Most Powerful Test Containing Sufficient Statistics
Theorem
Hypothesis Testing: $$ \begin{align*} H_{0} :& \theta = \theta_{0} \\ H_{1} :& \theta = \theta_{1} \end{align*} $$
In such hypothesis testing, let us call the probability density function or probability mass function for $\theta_{0}, \theta_{1}$ of sufficient statistic $T$ considering $\theta$ as $g \left( t | \theta_{0} \right), g \left( t | \theta_{1} \right)$. Then, given a rejection region $S$ and a certain constant $k \ge 0$, all hypothesis tests dependent on $T$ are the most powerful tests at level $\alpha$ if they satisfy the following three conditions:
- (i): If $g \left( t | \theta_{1} \right) > k g \left( t | \theta_{0} \right)$ then $t \in S$
- (ii): If $g \left( t | \theta_{1} \right) < k g \left( t | \theta_{0} \right)$ then $t \in S^{c}$
- (iii): $\alpha = P_{\theta_{0}} \left( T \in S \right)$
Explanation
This theorem is essentially a corollary of the Pearson-Neyman lemma. It not only plays a role in the proof of the Karlin-Rubin theorem but also suggests that sufficient statistics can be used to conveniently design the most powerful test.
Proof 1
The rejection region for the original sample $\mathbf{X}$ is $R = \left\{ \mathbf{x} : T \left( \mathbf{X} \right) \in S \right\}$. According to the Neyman factorization theorem, the probability density function or probability mass function of $\mathbf{X}$ can be represented as follows by a non-negative function $h \left( \mathbf{x} \right)$: $$ f \left( \mathbf{x} | \theta_{i} \right) = g \left( T \left( \mathbf{x} \right) | \theta_{i} \right) h \left( \mathbf{x} \right) \qquad , i = 0,1 $$ Assuming that the conditions (i) and (ii) required by the theorem are satisfied: $$ \begin{align*} \mathbf{x} \in R \impliedby & f \left( \mathbf{x} | \theta_{1} \right) > g \left( T \left( \mathbf{x} \right) | \theta_{1} \right) h \left( \mathbf{x} \right) = k g \left( t | \theta_{0} \right) = k f \left( \mathbf{x} | \theta_{0} \right) \\ \mathbf{x} \in R^{c} \impliedby & f \left( \mathbf{x} | \theta_{1} \right) < g \left( T \left( \mathbf{x} \right) | \theta_{1} \right) h \left( \mathbf{x} \right) = k g \left( t | \theta_{0} \right) = k f \left( \mathbf{x} | \theta_{0} \right) \end{align*} $$ And based on condition (iii), the following holds: $$ P_{\theta_{0}} \left( \mathbf{X} \in R \right) = P_{\theta_{0}} \left( T \left( \mathbf{X} \right) \in S \right) = \alpha $$
Pearson-Neyman Lemma: In such hypothesis testing, let us call the probability density function or probability mass function for $\theta_{0}, \theta_{1}$ as $f \left( \mathbf{x} | \theta_{0} \right), f \left( \mathbf{x} | \theta_{1} \right)$ and given a rejection region $R$ and a certain constant $k \ge 0$, if
- (i): If $f \left( \mathbf{x} | \theta_{1} \right) > k f \left( \mathbf{x} | \theta_{0} \right)$ then $\mathbf{x} \in R$
- (ii): If $f \left( \mathbf{x} | \theta_{1} \right) < k f \left( \mathbf{x} | \theta_{0} \right)$ then $\mathbf{x} \in R^{c}$
- (iii): $\alpha = P_{\theta_{0}} \left( \mathbf{X} \in R \right)$
then, the following two propositions are equivalent:
- All hypothesis tests that satisfy the above three conditions are the most powerful tests at level $\alpha$.
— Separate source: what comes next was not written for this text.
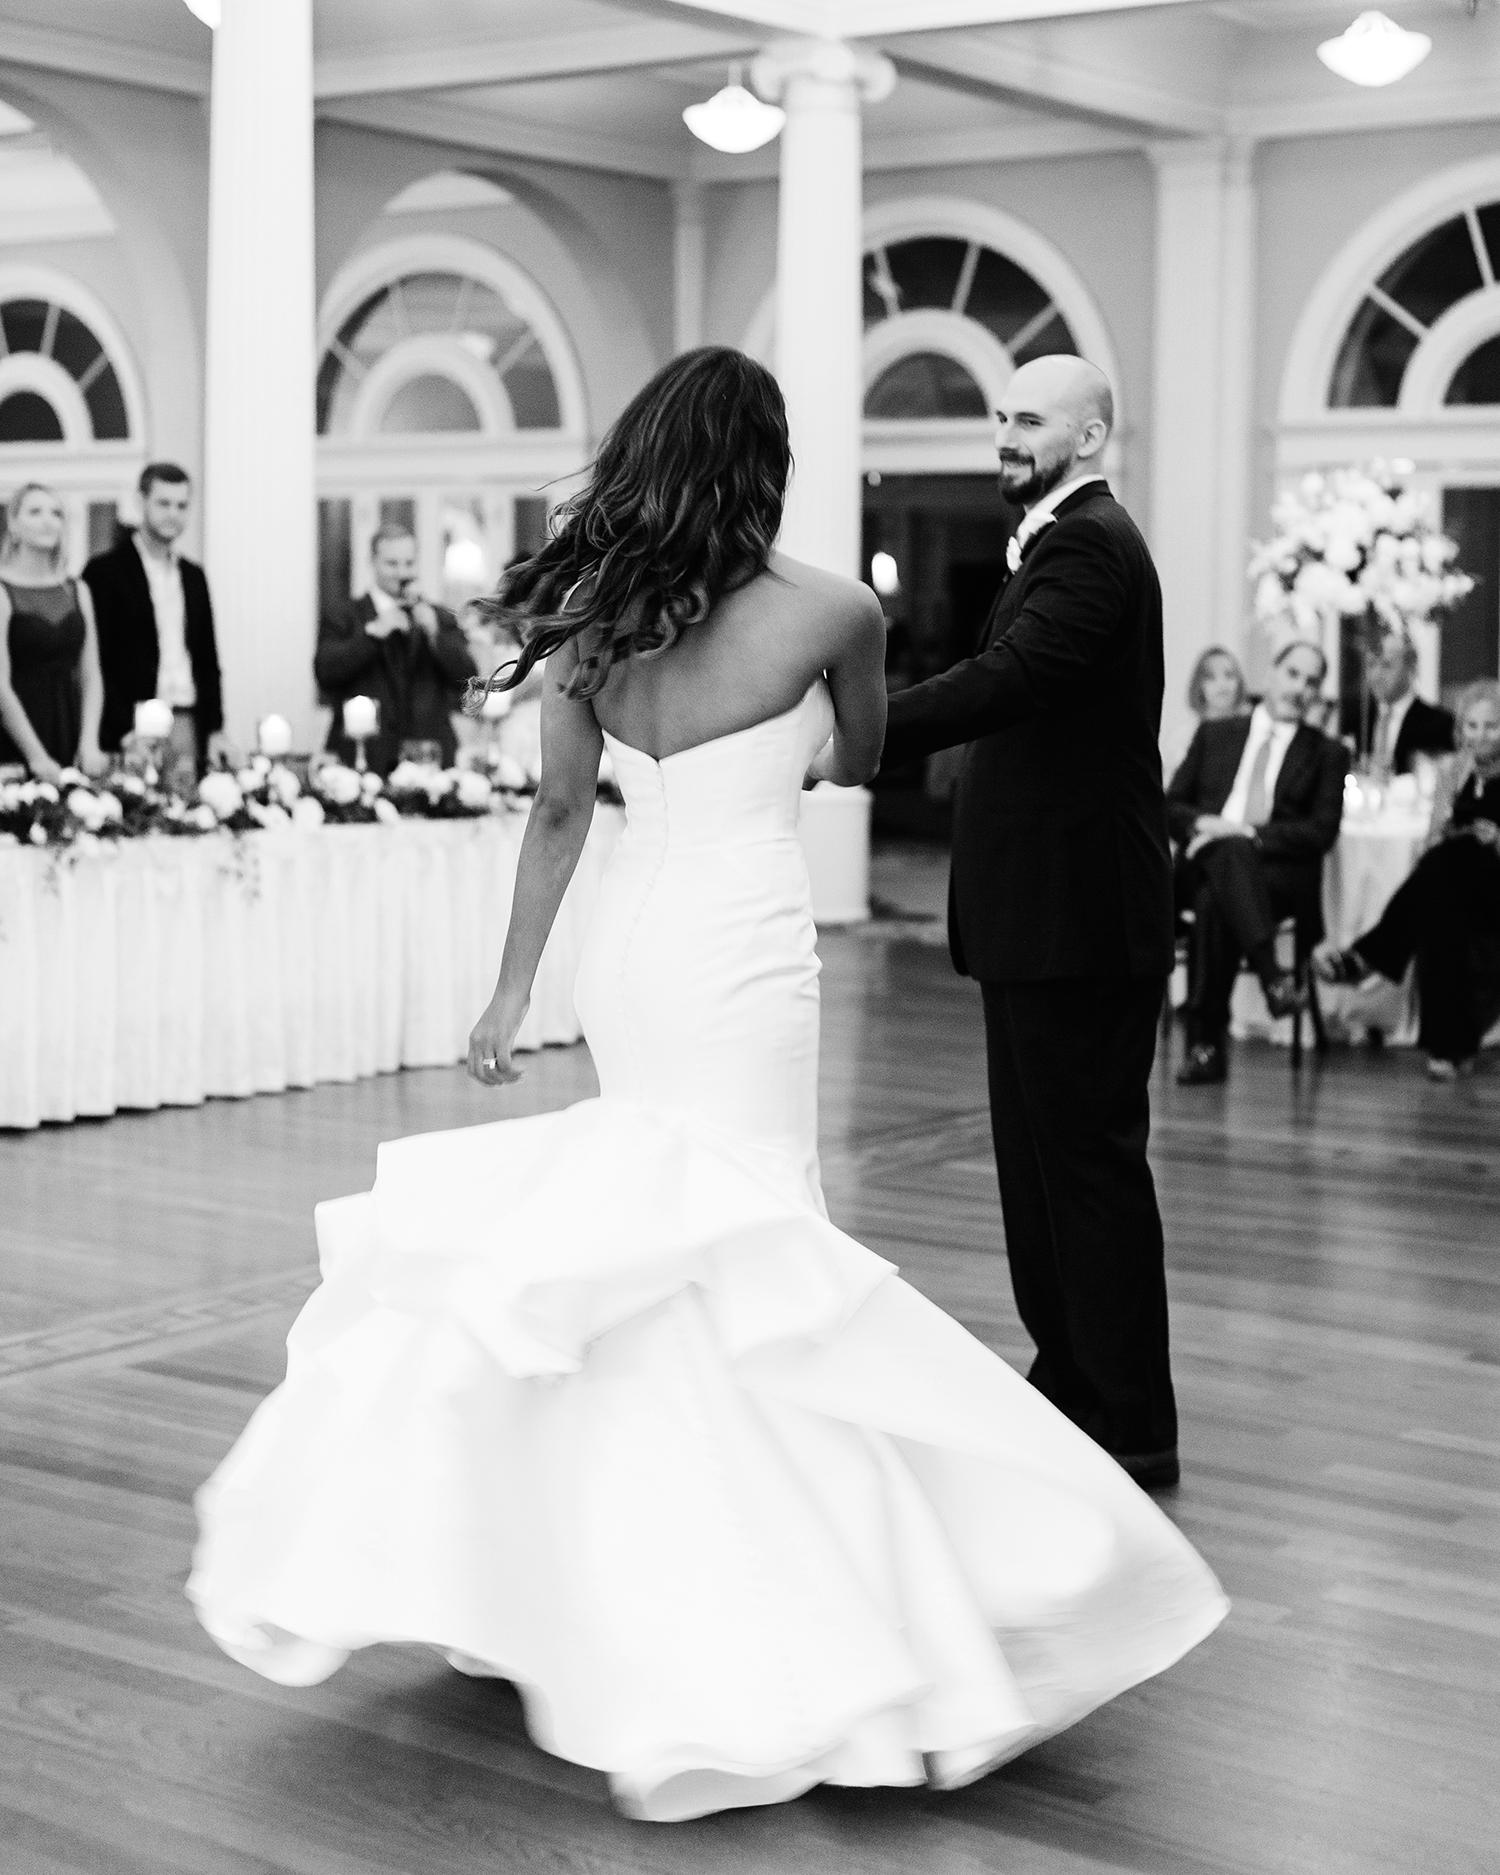 bryanna nick wedding couple first dance reception

- If a hypothesis test that satisfies these three conditions with a constant $k > 0$ exists, then all most powerful tests at level $\alpha$, except for the set $A \subset \Omega$, $$ P_{\theta_{0}} \left( \mathbf{X} \in A \right) = P_{\theta_{1}} \left( \mathbf{X} \in A \right) = 0 $$ satisfy (i) and (ii), and are exactly the most powerful tests at size $\alpha$.
According to $(\impliedby)$ of the Pearson-Neyman lemma, the given hypothesis test is the most powerful test.
■
Casella. (2001). Statistical Inference(2nd Edition): p389. ↩︎